The rest comes down to first creating an excel file and then setting the corresponding percentage per jar. Then you make the transactions once a month and that’s all.

# 1 Financial jar, aka the liberty one

As Robert Kiyosaki[2] rightfully claimed, we have to pay ourselves first. That’s exactly the point of this first one, called “Financial Freedom Account”. For Niki it’s roughly 10% before he incurs any other expenses.

He wanted to use it for the accumulation of funds that can be used for investment at some later point. That’s how you can make your earnings bring in some extra income.

This jar is the most consequential for our future since it’s the key to financial independence.

# 2 The long-term jar

“Savings for spending” are for the foreseeable big purchases and payments. This could be a new house or renovation, a second car, expensive vacations, etc. When put together their planning and management become much easier.

# 3 The education jar

This is for training and professional growth. If you see that there is too much in it, then perhaps you are not investing enough in yourself.

When Niki sees that’s the case he usually enrolls in a class or pays for an interesting seminar. Buying books is another alternative. It’s usually not easy to spare $50 or $100 for a quality edition, or is it? In fact, it is but only when you have specially set aside the money for this purpose.

# 4 The play jar

This “fun and leisure” account may be a bit too much for those who, like Uncle Scrooge, are obsessed with saving without having the tiniest clue what they are doing it for except for its own sake.

However, it will be good for them to get a little bit more balanced lives. And it won’t matter if it is an unforgettable experience or just some other type of pleasurable activity. Niki, for example, prefers to take his wife to some fine restaurants. The intent here is simply to be reminded that it’s good to relax and have some fun from time to time.

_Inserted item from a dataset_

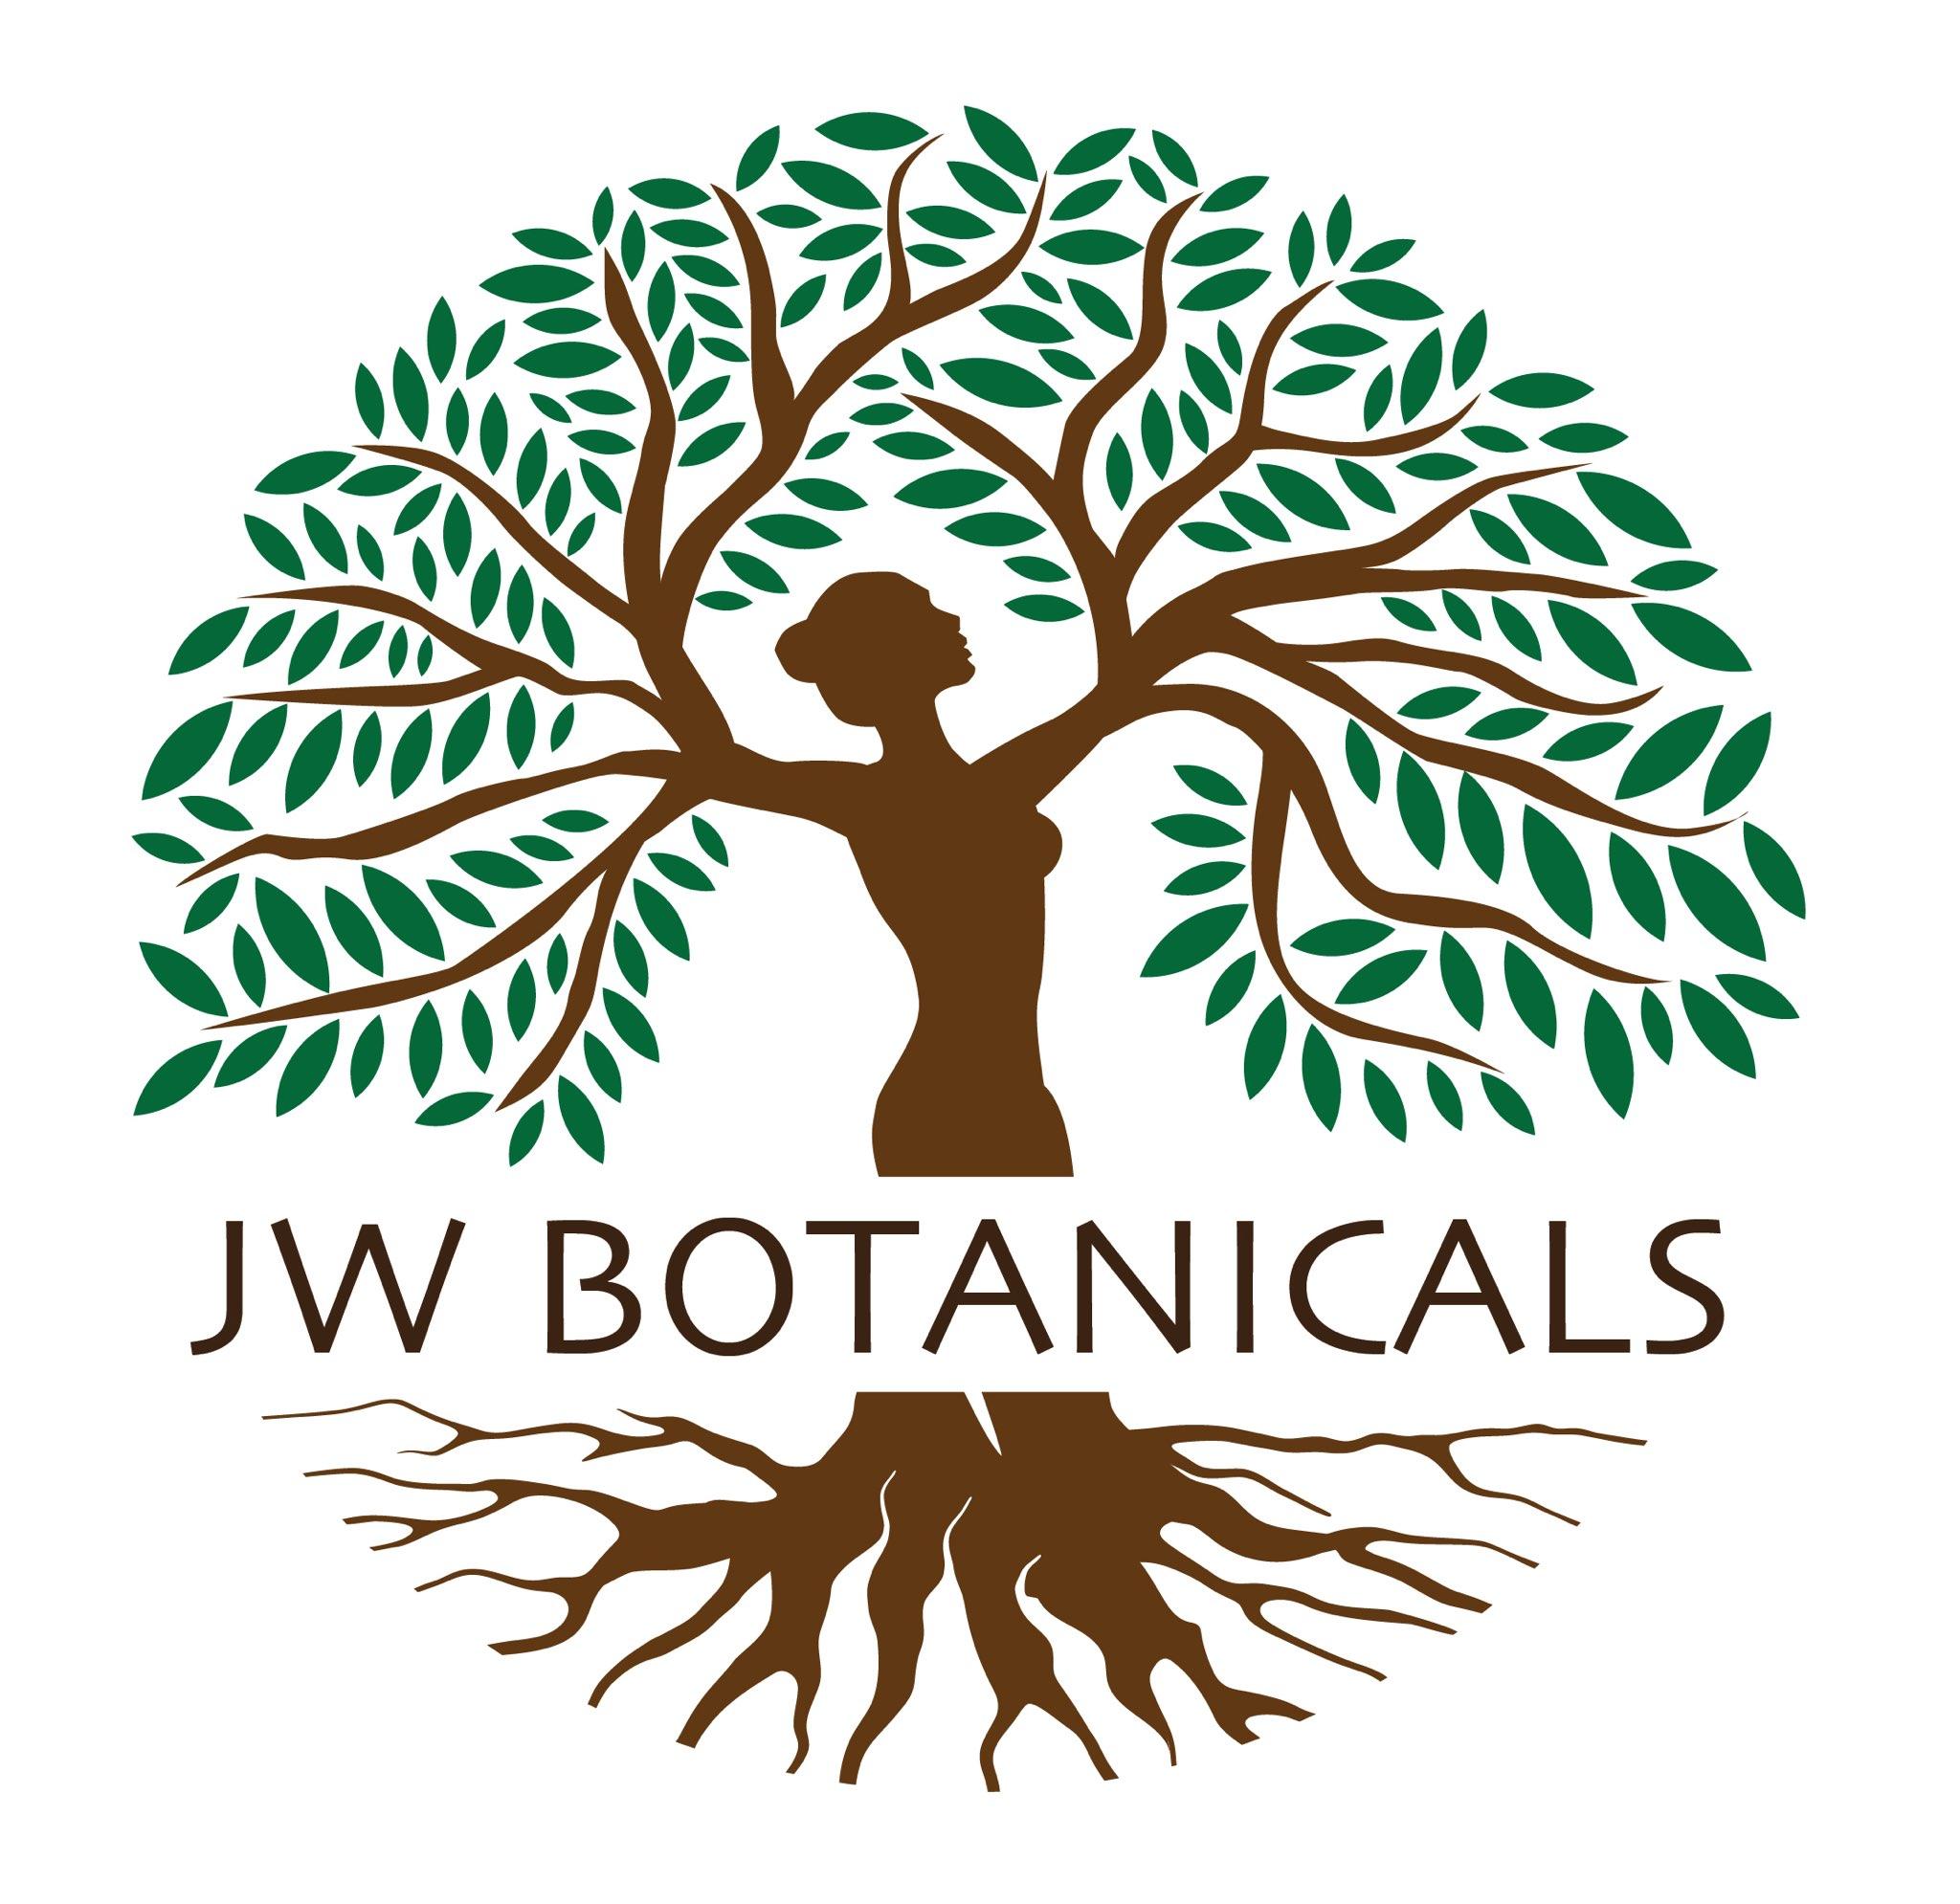 JW Botanicals

A lot of people practice this but they do it almost instinctively and outside of a money management system.

# 5 The “Give” jar

Nicky always assigns 10% to this one. It’s all about generosity. Undoubtedly it is important to make money but it is equally essential to be able to give it away for a good cause. When you already have the resources dedicated to this it becomes much easier to do regular charity work.

# 6 The necessities jar

It could be as big as 50% of your monthly income. It is supposed to pay the bills for everything from food, childcare, health insurance, etc.

An interesting conclusion

What Niki loves most about Mr. Eker’s method is that it channels your earnings into the most significant areas of your life.

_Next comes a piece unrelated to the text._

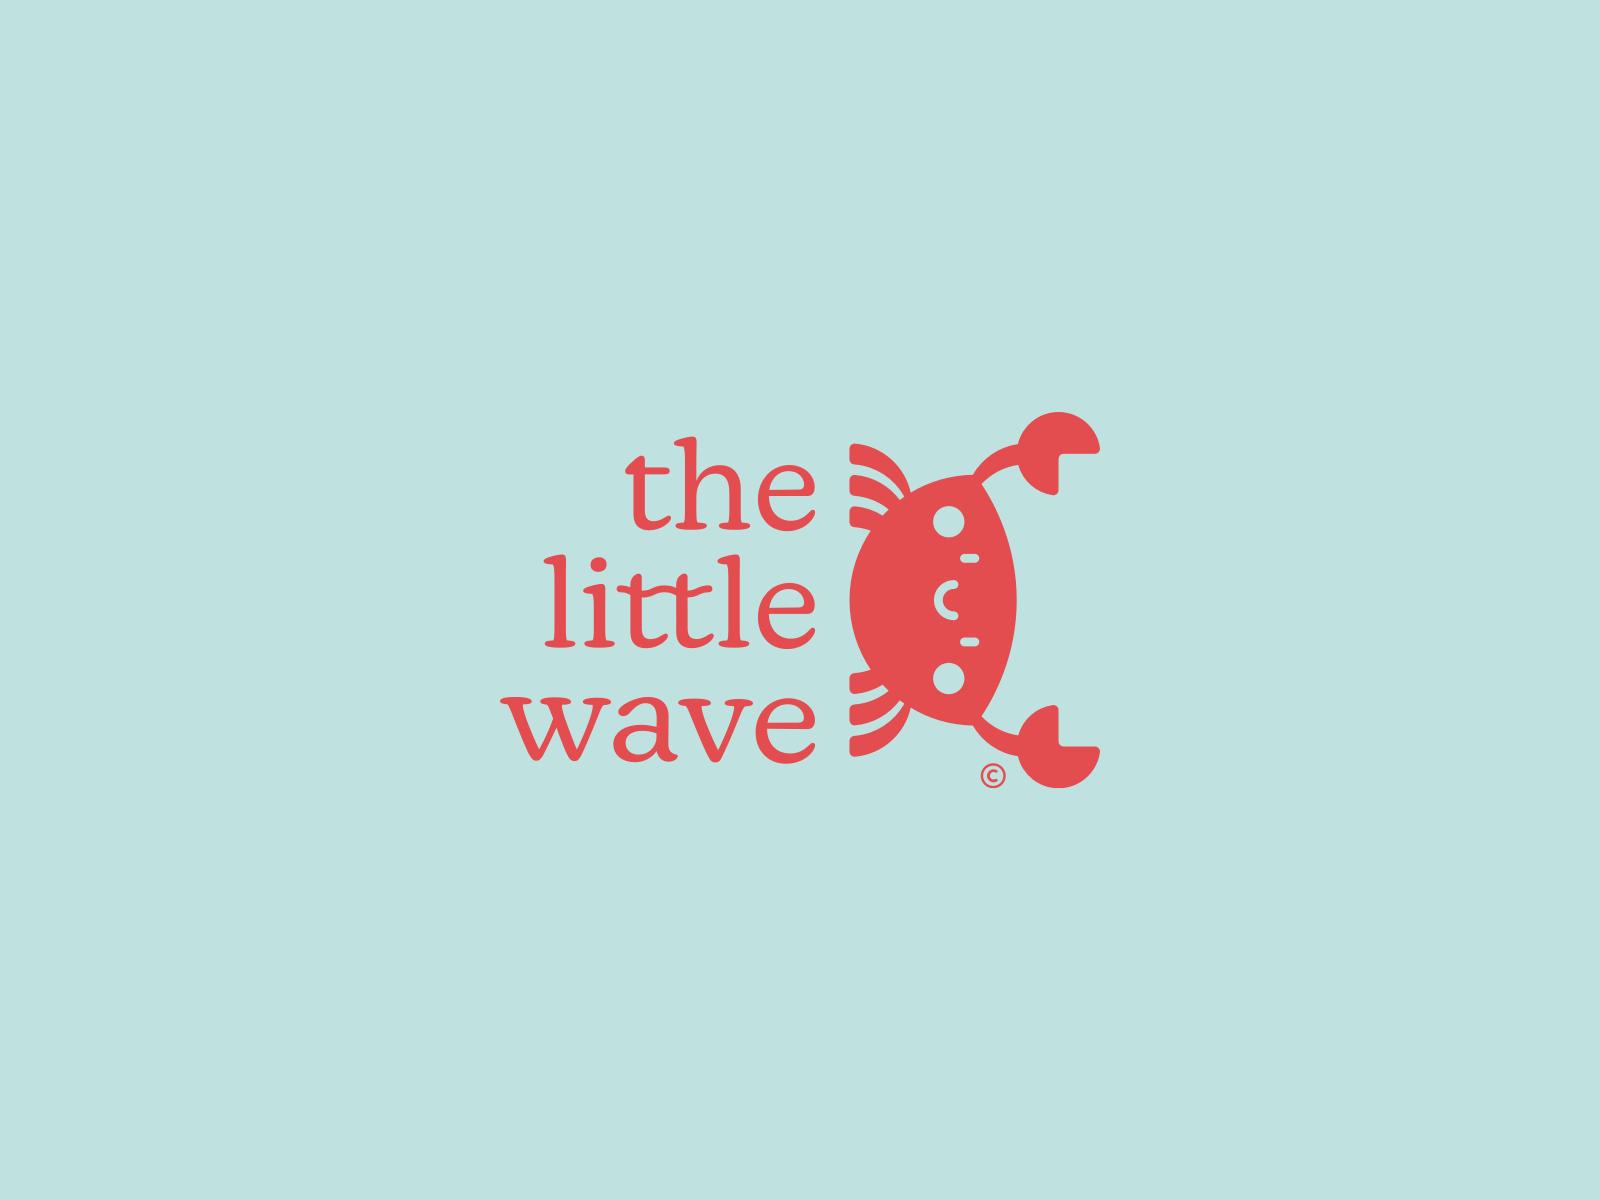 The Little Wave: Alternate logo lock-up

Sometimes the amount in a given jar might turn out to be far less than needed.  It happened to Niki when he undertook a major renovation of the apartment. So, he and his wife decided to draw from the contents of the “Play and fun” one. Instead of skiing in the Alps or surfing on their favorite island, they had another less exotic and thus much cheaper vacation.

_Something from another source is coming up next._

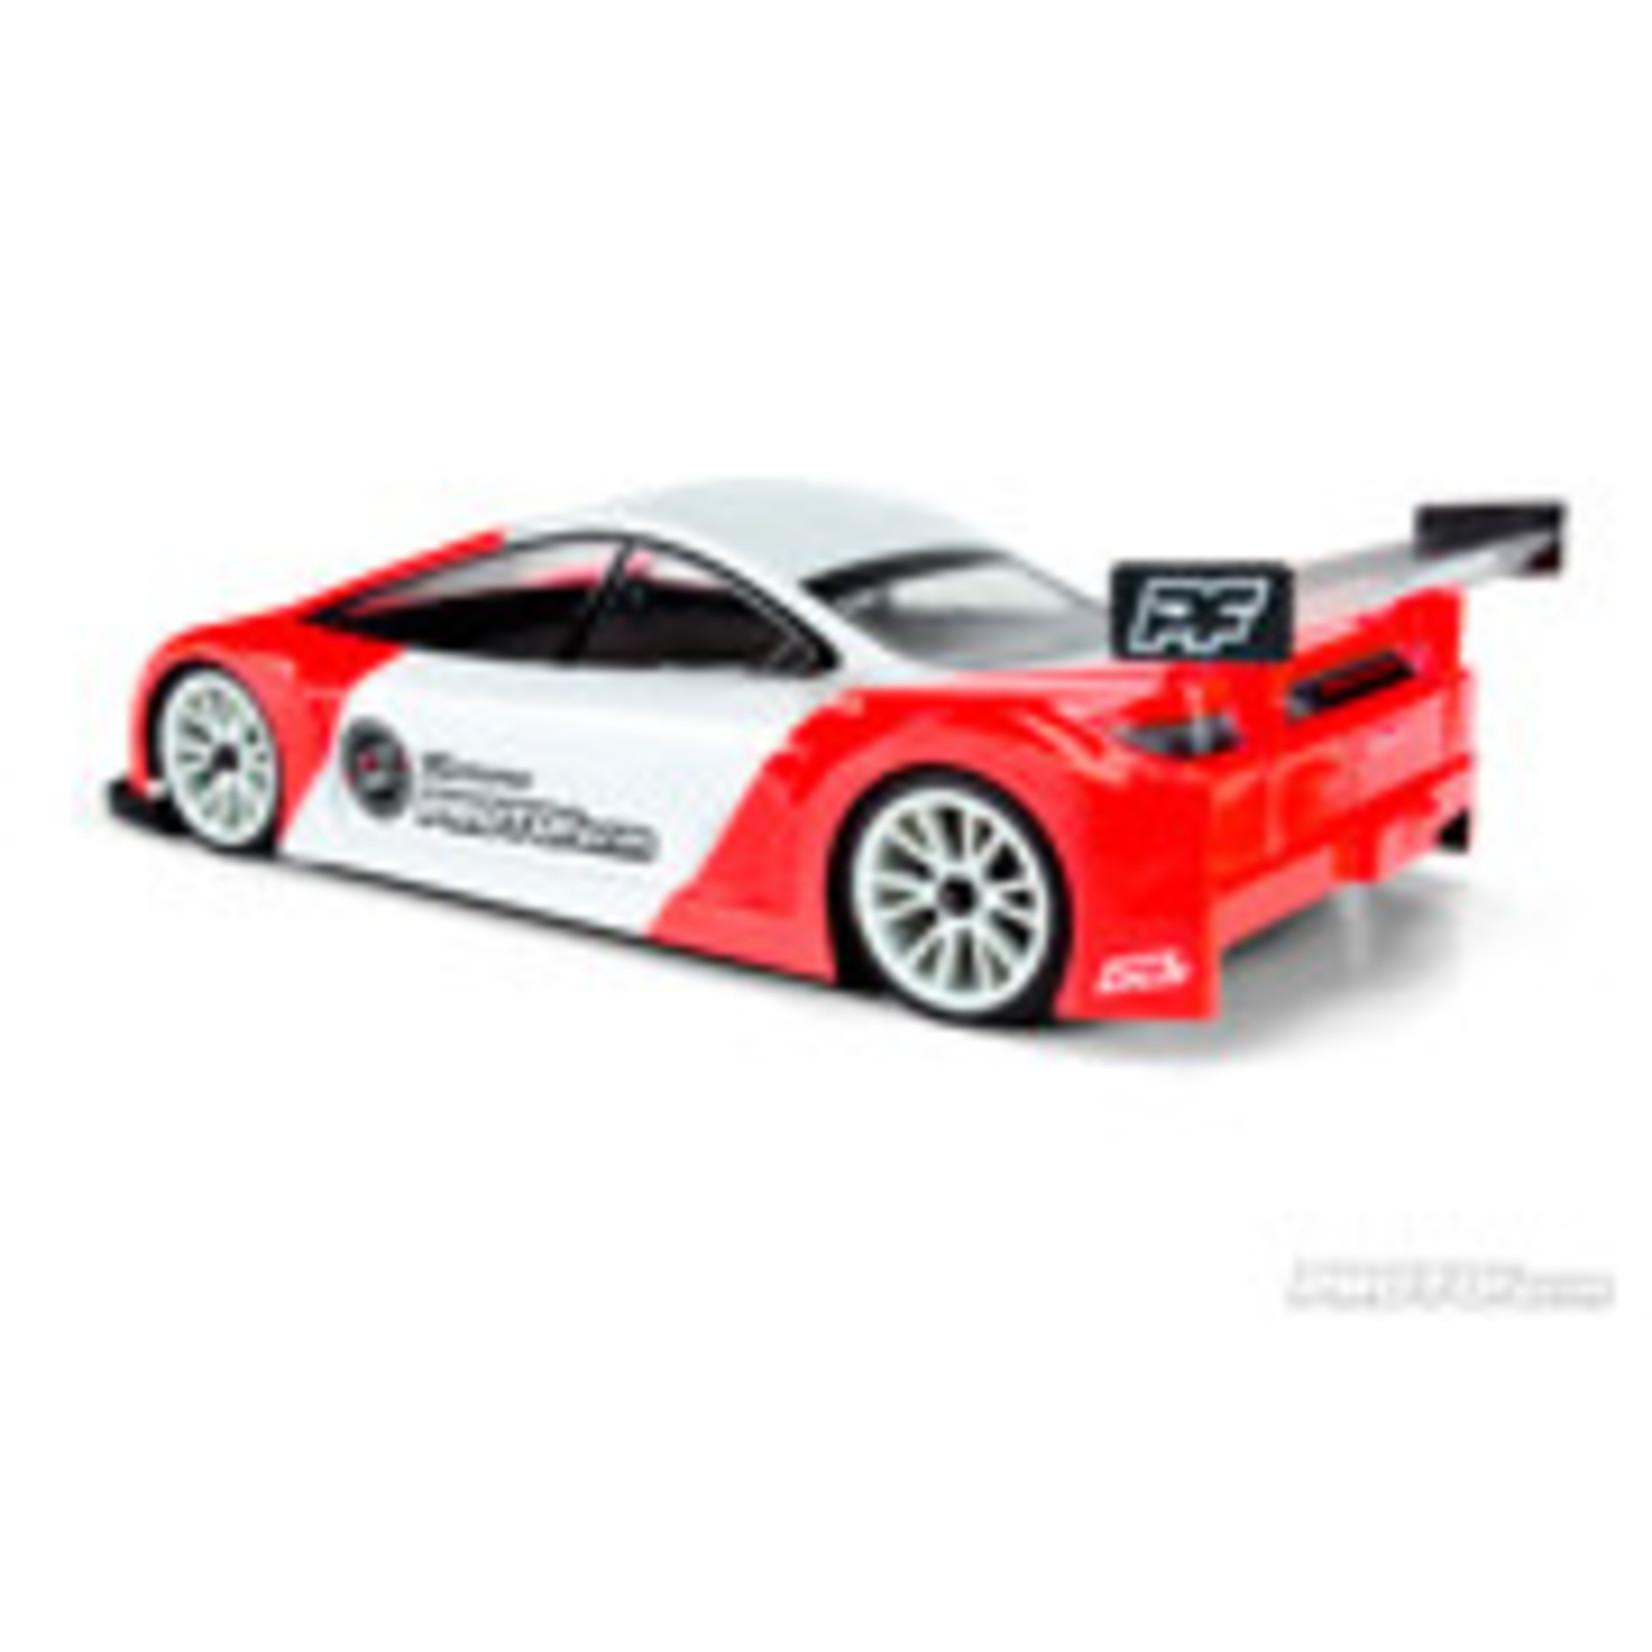 PROTOform Turismo Touring Car Body (Clear) (190mm) (X-Lite)

That’s why this flexible model makes running our finances an easy and straightforward process.

The role of “GoalBuddy”

We’ve already gone through what’s the first step – namely, to clarify your vision and to look for an area of improvement. This could be anything like doing some courses, researching and discussing it with experts in the field. For any of these, you can set a 90-day goal and thus improve your understanding of the matter.

Things get different at the second stage, i.e. the control one. What you do here is start experimenting through different 90-day periods until you figure out what would work best for you. Niki succeeded on his second attempt. At first, he didn’t do very well but then he took on this new notion and for the last several years he never looked back. You should give it a try too. Or you can try any other approach to your liking. It’s key to remember that after some trial and error, you will enjoy in the long run the benefits of a simple but productive system. Our next topic will be how to turn this into a habit that does not take much of your time and energy.



[1] Thomas Harv Eker is an author, businessman and motivational speaker known for his theories on wealth and motivation. We refer here to the JARS money management method.

[2] Robert Toru Kiyosaki is an American businessman and author.